When considering the emergency medical services, there has been much discussion regarding the utility of advanced life support and its effectiveness within the emergency medical services (Stiell et al., 2005; Stiell et al., 2003; Stiell et al., 2002; Stiell et al., 1999). One of the most basic skills that paramedics use exclusively is intravenous cannulation and the subsequent delivery of isotonic intravenous fluid. Intravenous cannulation is one of the first advanced skills that paramedics utilize within the course of treatment as it allows to correct for shock, provides a means for administering parenteral medications, and provides a means for drawing blood for testing either in the field or upon arrival at the receiving emergency department. As the body’s stress increases when dehydration is present, it is imperative to correct dehydration during the course of treating most ailments; otherwise, the body’s own compensatory mechanisms can fail despite otherwise adequate treatment (Wakefield, Mentes, Holman, & Culp, 2008). Additionally, dehydration can mask some critical tests, such as other blood values and radiological findings (Hash, Stephens, Laurens, & Vogel, 2000).
Though the research is limited, it is also important to note that judicious use, or overuse, of intravenous fluids can be detrimental in some cases (Rotstein et al., 2008).
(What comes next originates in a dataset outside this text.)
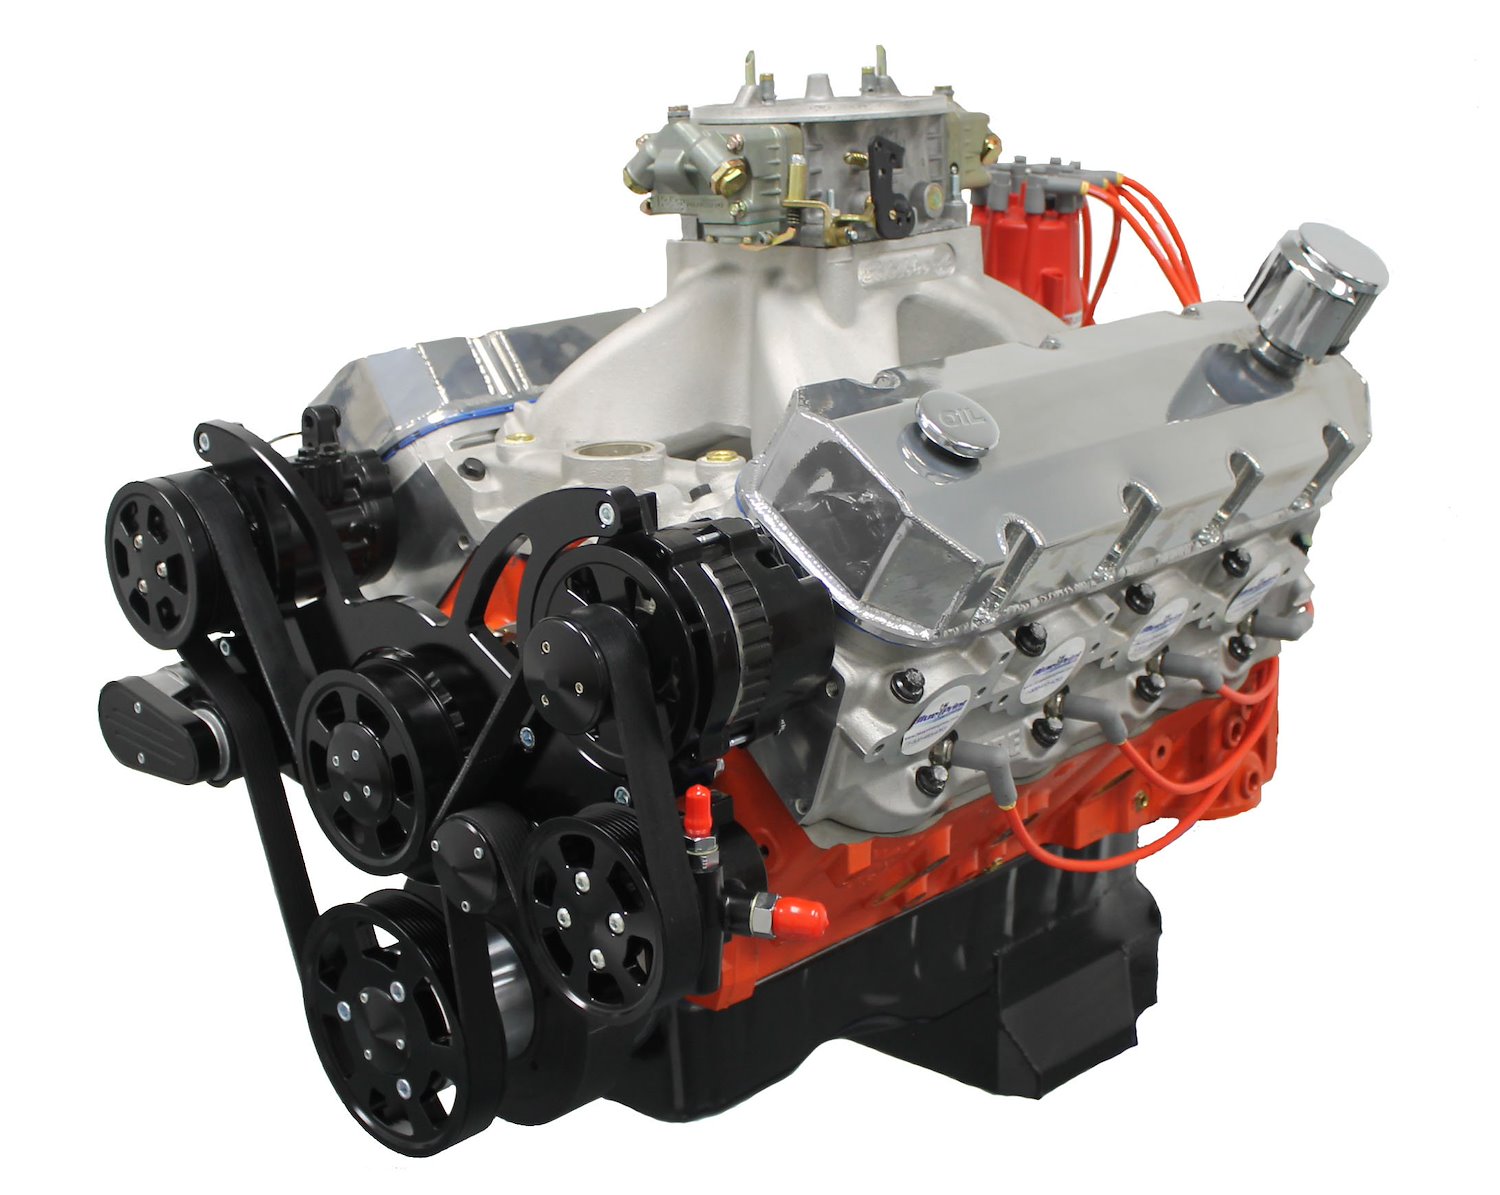 Pro Series Big Block Chevy 509 ci Drop-In Ready Crate Engine [640 HP | 605 ft.-lbs. of TQ]

In order to test the effectiveness of paramedic treatment of co-morbid dehydration, we can observe for fluid status before and after treatment as well as between those patients transported by paramedic ambulance as compared to patients who present to the emergency department by other means (e.g. basic life support ambulance, walk-in); however, it is first important to understand if those patients who present to the emergency department are, indeed, dehydrated.
In order to study if paramedics have an impact in treating co-morbid dehydration, there has to be an assumption that a) most people are not dehydrated and b) people who present to the emergency department (the dependent variable) are more dehydrated (independent variable) than most of the population. As we can never be sure of the hydration status of the entire population at any given time or the standard deviation of the entire population, we can use the normal mean blood urea nitrogen value of 10 mmol/L and assume a normal distribution (Hash et al., 2000).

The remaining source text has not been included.